«Король» Уганды Мтесе закупил в соседней стране Униоро слоновую кость в обмен на невольников. В Униоро установился прочный прейскурант на людей. Например, за молодую здоровую девушку давали один слоновый клык. Но ее можно было купить и за одну рубашку. Наконец ту же девушку с радостью продали за тринадцать иголок. Цены на рабов менялись в зависимости от места, времен и потребностей продавца и покупателя. Невольник был универсальным товаром: его и продавали за деньги, и обменивали на любые продукты и вещи. Внутри Африки раб оценивался обычно в натуре. Там, где было мало железа, стоимость его определялась в металле. Обычной была цена в 150 железных полос за человека. В Камалии за невольника давали 2 меры соли, или 3 ружья, или плохую лошадь. А вот в Гамбии за 1 лошадь предлагали 40 рабов. С другой стороны, в Хартуме верблюды и лошади ценились гораздо ниже людей.
На западном побережье европейцам вначале удавалось покупать негров за куски яркой материи, пуговицы, бусы и т. д. Вскоре вожди научились разбираться в европейских товарах, и пришлось платить за рабов вещами более ценными. Самыми ходкими предметами обмена стали ружья, одежда и спиртные напитки.

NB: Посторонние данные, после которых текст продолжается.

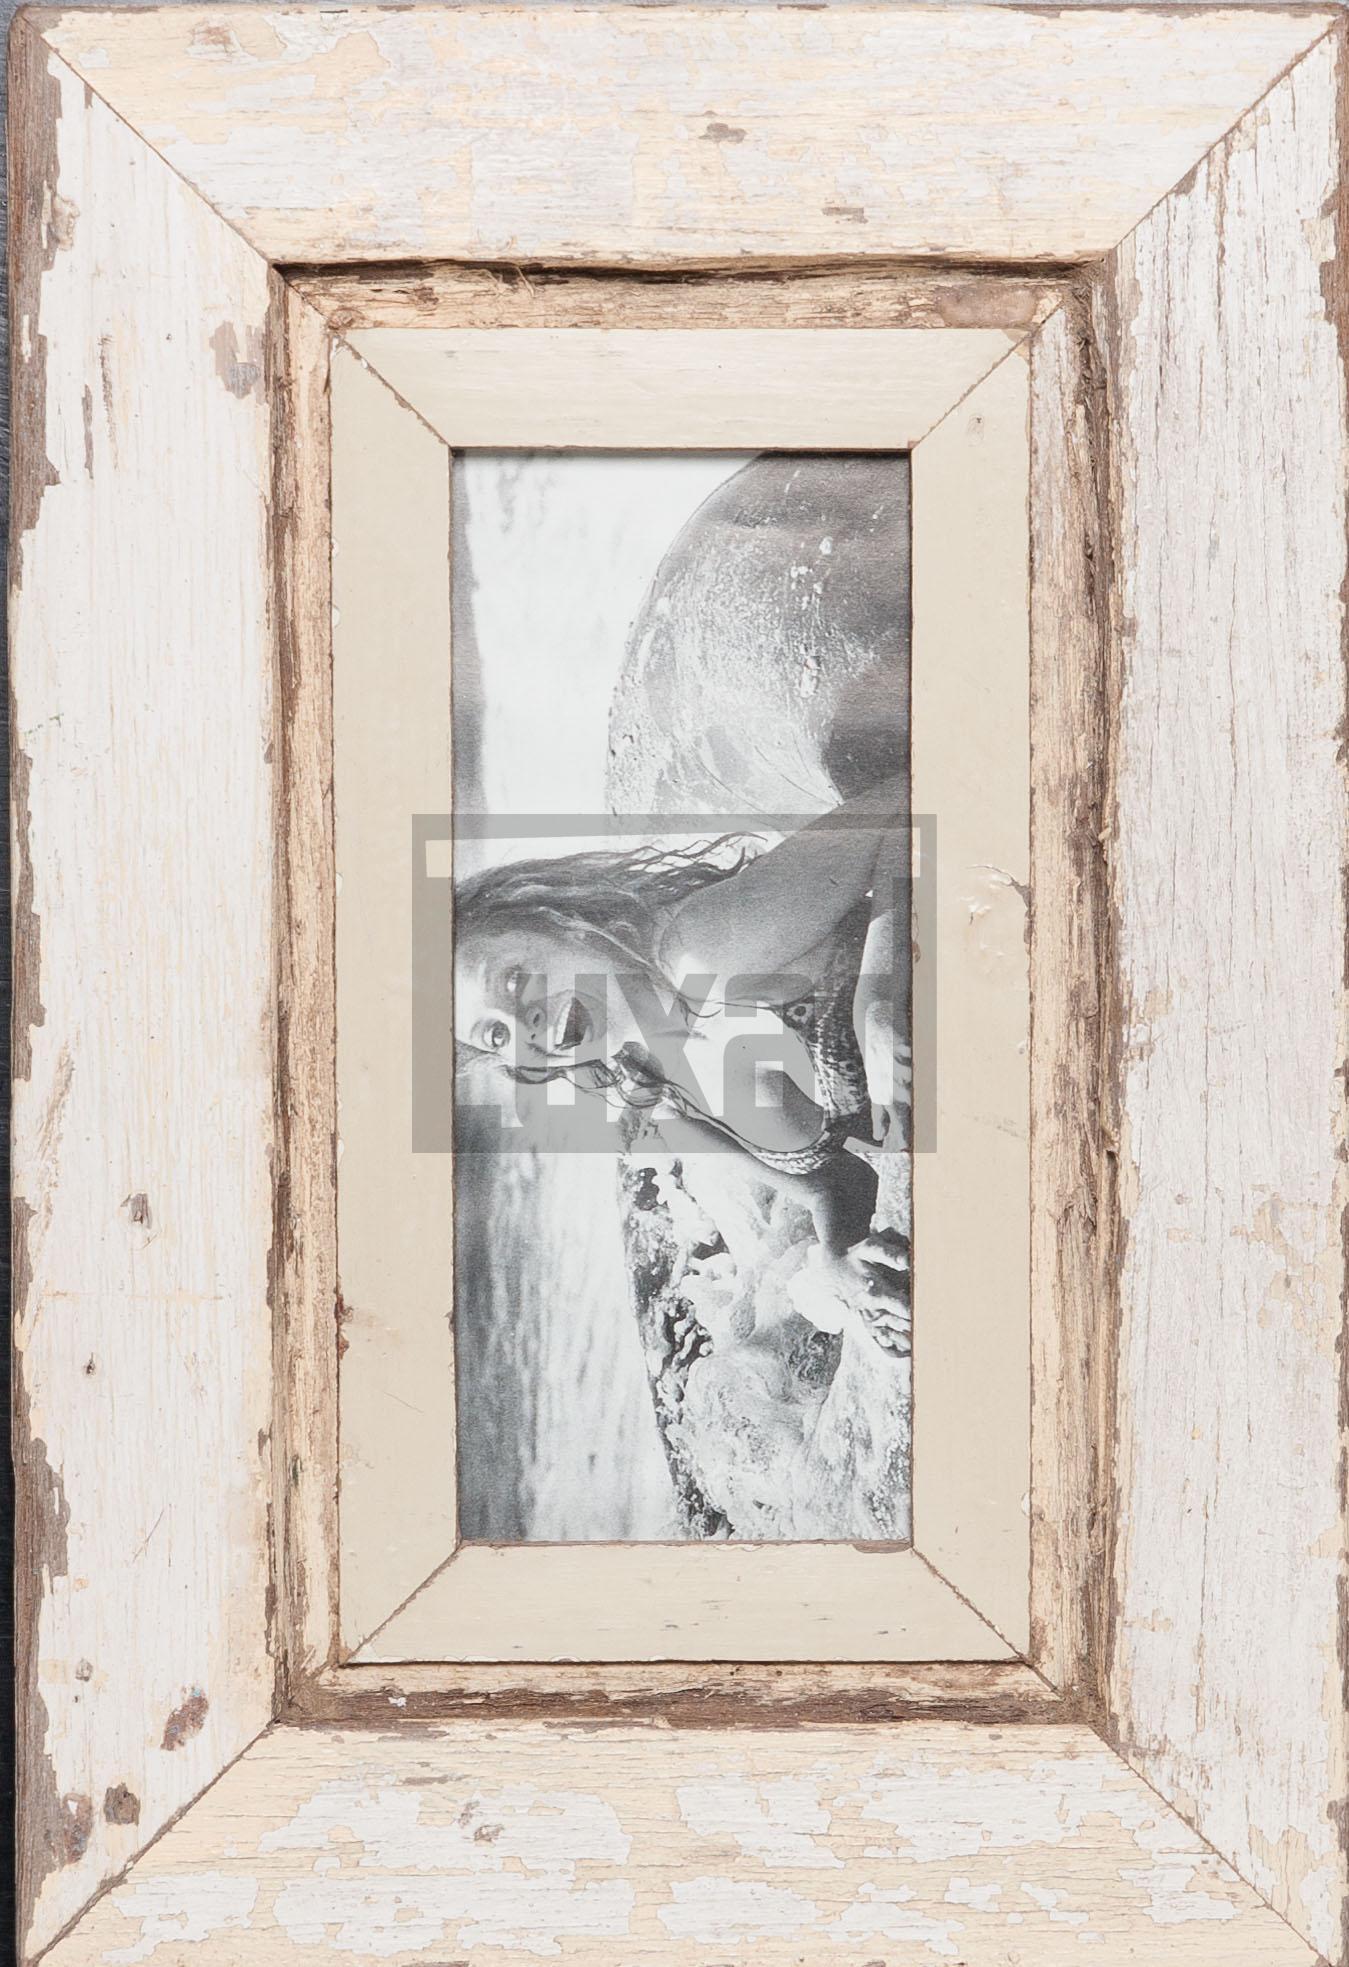 Panorama-Fotorahmen aus Recyclingholz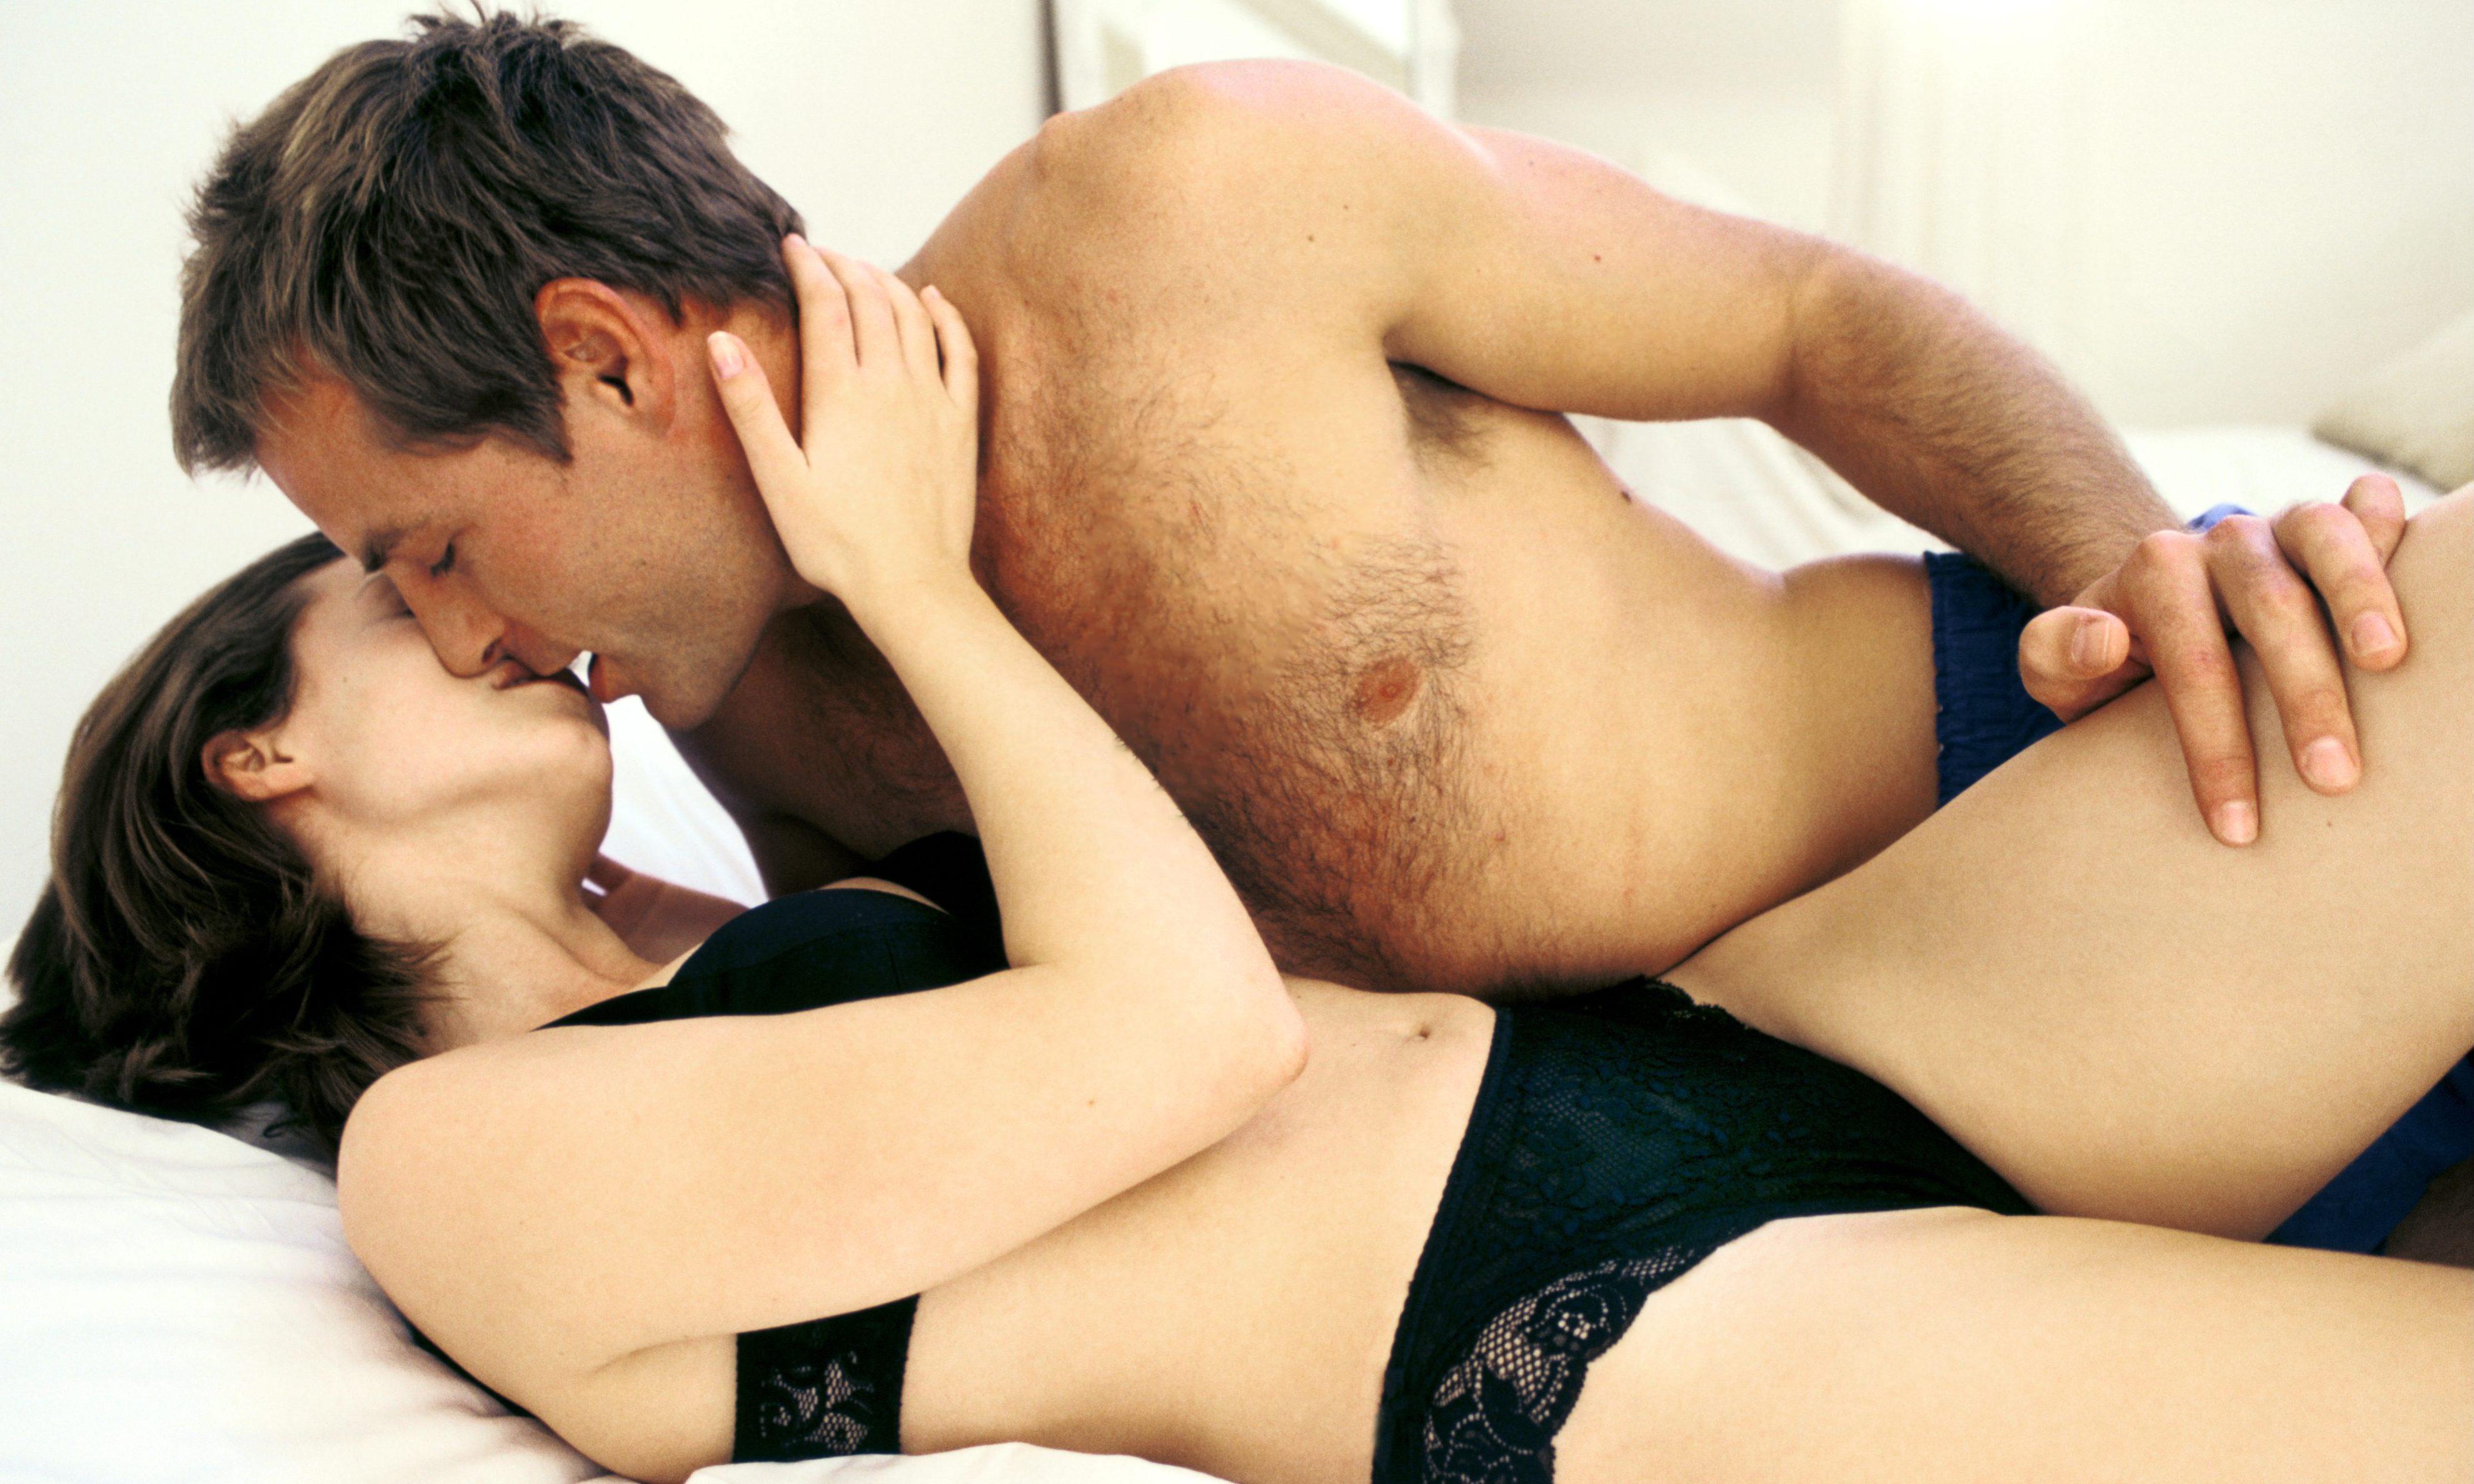 Erotic mom sex video forums

Ближе к морю деньги становились общепринятым средством обмена. В устье Гамбии мужчины от 16 до 25 лет стоили 18–20 фунтов стерлингов. В городе Куке, столице государства Борну, самой высокой была цена на седаси — мальчиков 12–15 лет. Седаси обычно стоили 20–25 талеров, или 24–30 рублей в дореволюционной валюте. Стоимостью седаси определялись цены на других рабов; выше их оценивались молодые девушки. Девушек покупали в жены. Это было дешевле, чем жениться на свободной и платить большой выкуп.
Негры, выучившиеся ремеслу, продавались гораздо дороже. В Кейптауне повар стоил 800—1200 риксдалеров, механик — до 2500. Легко находили сбыт музыканты, каменщики, плотники и прочие.
В Америке негры стоили дорого. На Сан-Доминго за раба 18–20 лет платили 500 гульденов — 400 дореволюционных рублей. В среднем в XVII в. раб, обошедшийся в Африке 50 долларов, шел в Америке за 400. Работорговля приносила 700 процентов прибыли! Отсюда понятно легкое отношение работорговца к огромной смертности при перевозе. Если даже судно привозило в Америку 14 процентов негров, работорговец ничего не терял из первоначального капитала.
Не зря так высоко платили работорговцу плантаторы. Годовой доход от работы одного раба на плантациях составлял: на сахарных — 30 фунтов стерлингов, хлопковых — 25, рисовых — 20, табачных — 15. Негр окупал себя в два-три года, а потом уже приносил чистую прибыль. Плантаторы на вырученные деньги закупали вещи, продукты и орудия труда, учили детей в европейских школах, платили членам’ парламента за принятие нужных законов, привозили собак и дрессировщиков и т. п. Доходы от рабского труда распределялись постепенно между всеми группами буржуазии, всасывались в финансовые нервы капиталистического мира. Негр своим трудом оплачивал производство железа для кандалов, ружей для расстрела, судов для перевозки его же братьев.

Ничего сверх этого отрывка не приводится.